Segundo António Pires de Lima, presidente da Brisa, na comemoração dos 35 anos da Via Verde realizada hoje na sede da empresa, esta operação representa um salto estrutural na expansão internacional: “É um projeto com grande ambição de se tornar uma marca e um serviço europeu de excelência em termos de mobilidade”.

Além desta aquisição, a empresa está também a avançar com projetos nos Países Baixos, nomeadamente na operação de portagens na autoestrada A24, na região de Roterdão, e no desenvolvimento de um sistema nacional para veículos pesados, reforçando a presença num mercado em transformação.

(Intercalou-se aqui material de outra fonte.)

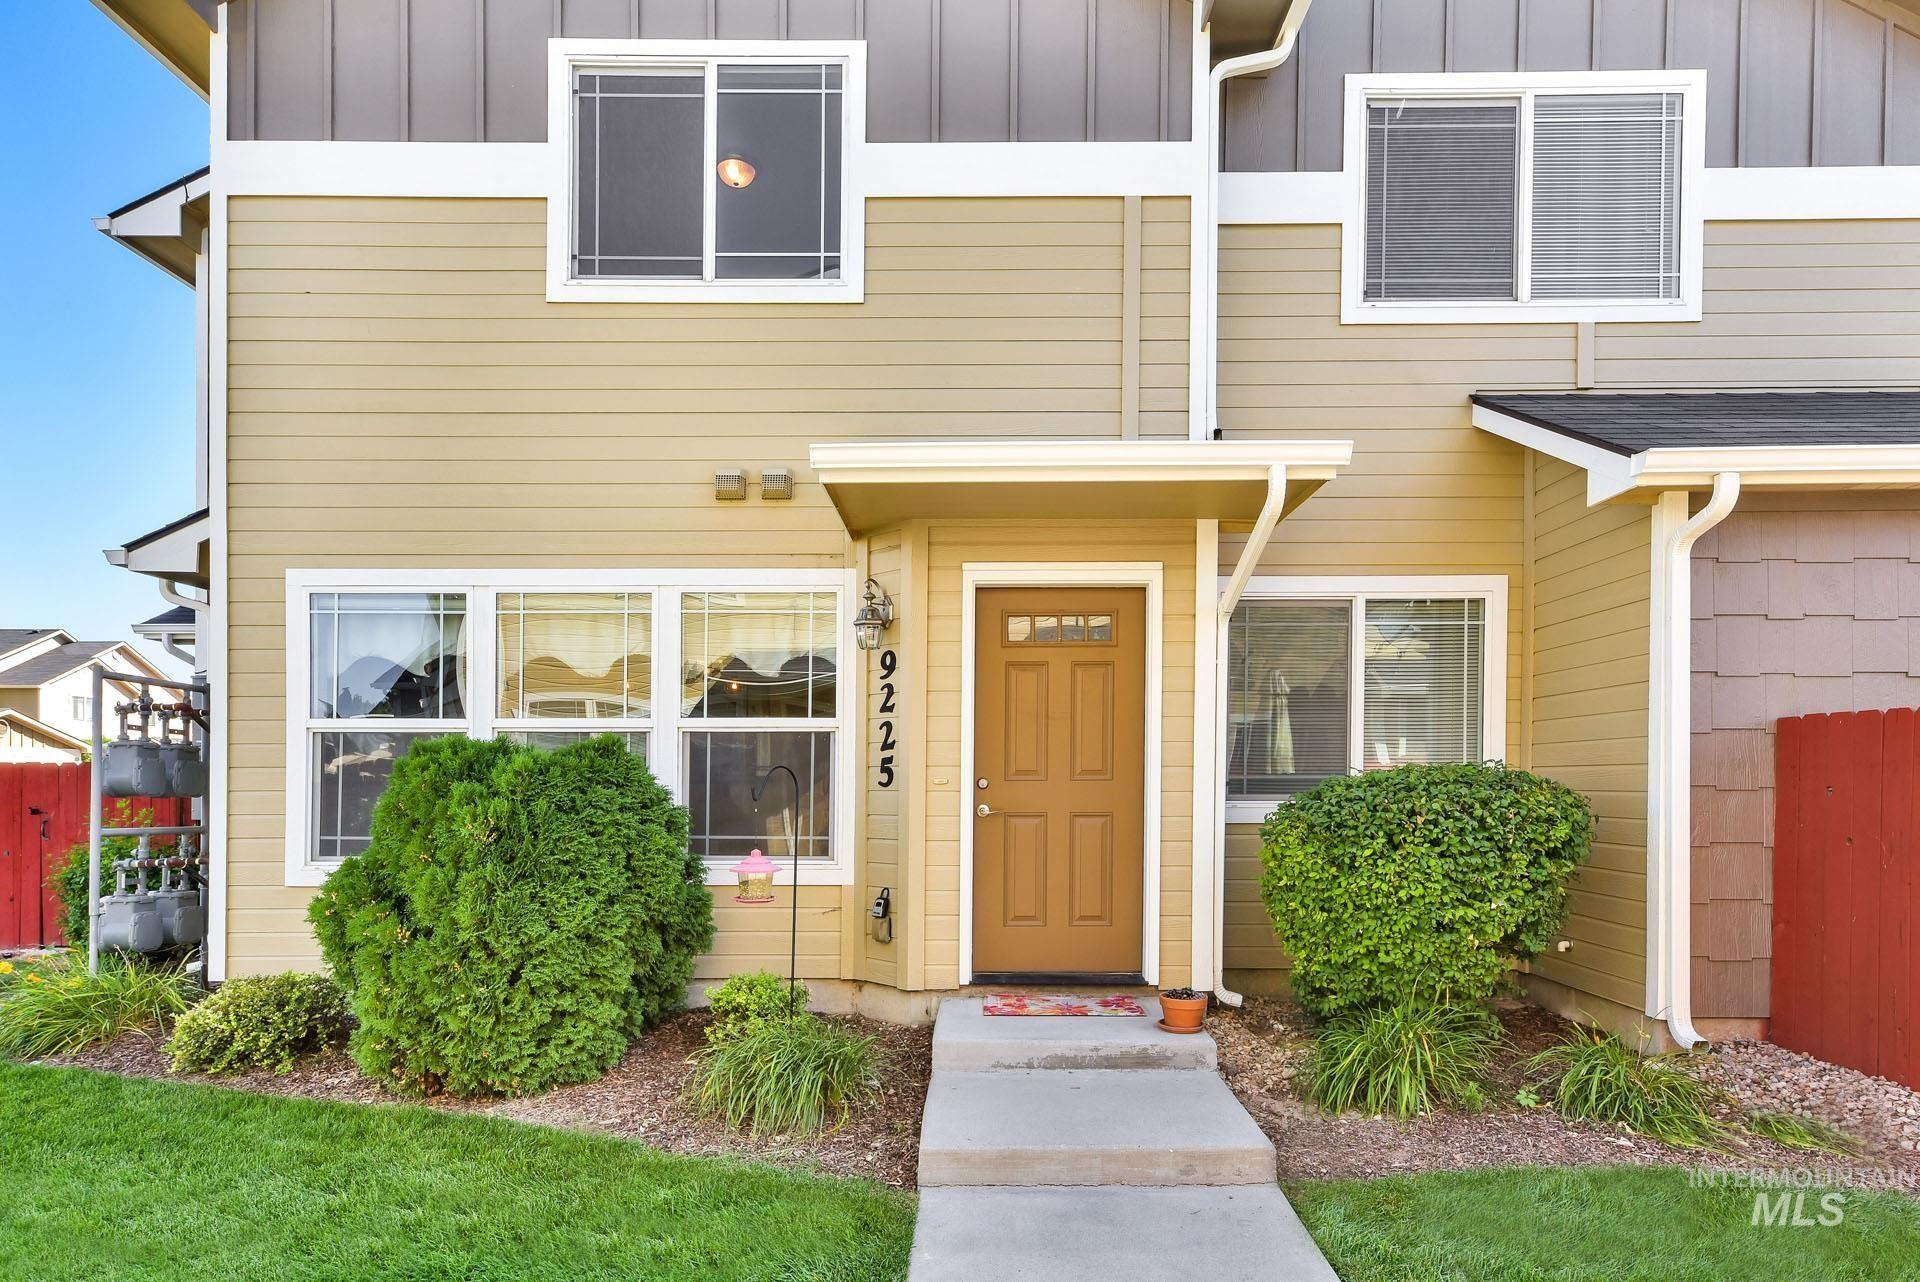 9225 W Brogan, Boise, ID 83709 - MLS#: 98817193

O peso do mercado internacional já é significativo. “Em 2026, valerá cerca de 25% a 30% do volume de negócios, já integrando a aquisição da Axxès”, revelou o responsável, sublinhando que este crescimento acompanha a evolução dos resultados do grupo.

A estratégia passa por exportar o modelo português de mobilidade integrada — baseado no princípio “user pays” — para mercados europeus onde ainda predominam soluções fragmentadas e operadores nacionais. Itália, com a Telepass, é atualmente um dos poucos exemplos de maior escala.

Além das portagens, a empresa aposta na diversificação de serviços, nomeadamente na mobilidade elétrica, com cerca de 200 pontos de carregamento nas autoestradas e novos projetos urbanos. A sustentabilidade surge como um dos eixos centrais do crescimento, com a Via Verde a posicionar-se também como facilitador da transição energética.

Apesar da expansão europeia, a Brisa não exclui oportunidades fora da Europa, nomeadamente nas Américas, embora reconheça que o atual contexto geopolítico exige prudência.

Quanto ao impacto da atual crise energética, Pires de Lima admite incerteza, mas garante que, para já, não há efeitos relevantes no tráfego: “Não estamos a sentir impacto na circulação. O que mais afeta a mobilidade é o clima”.

Ainda assim, reforça que a mobilidade continua a ser um pilar essencial da economia e da qualidade de vida: “Não existe felicidade sem mobilidade”.

Com a Europa a caminhar para modelos baseados no princípio do utilizador-pagador, a Brisa vê espaço para crescer e consolidar um mercado ainda fragmentado — posicionando a Via Verde como um potencial líder europeu no setor.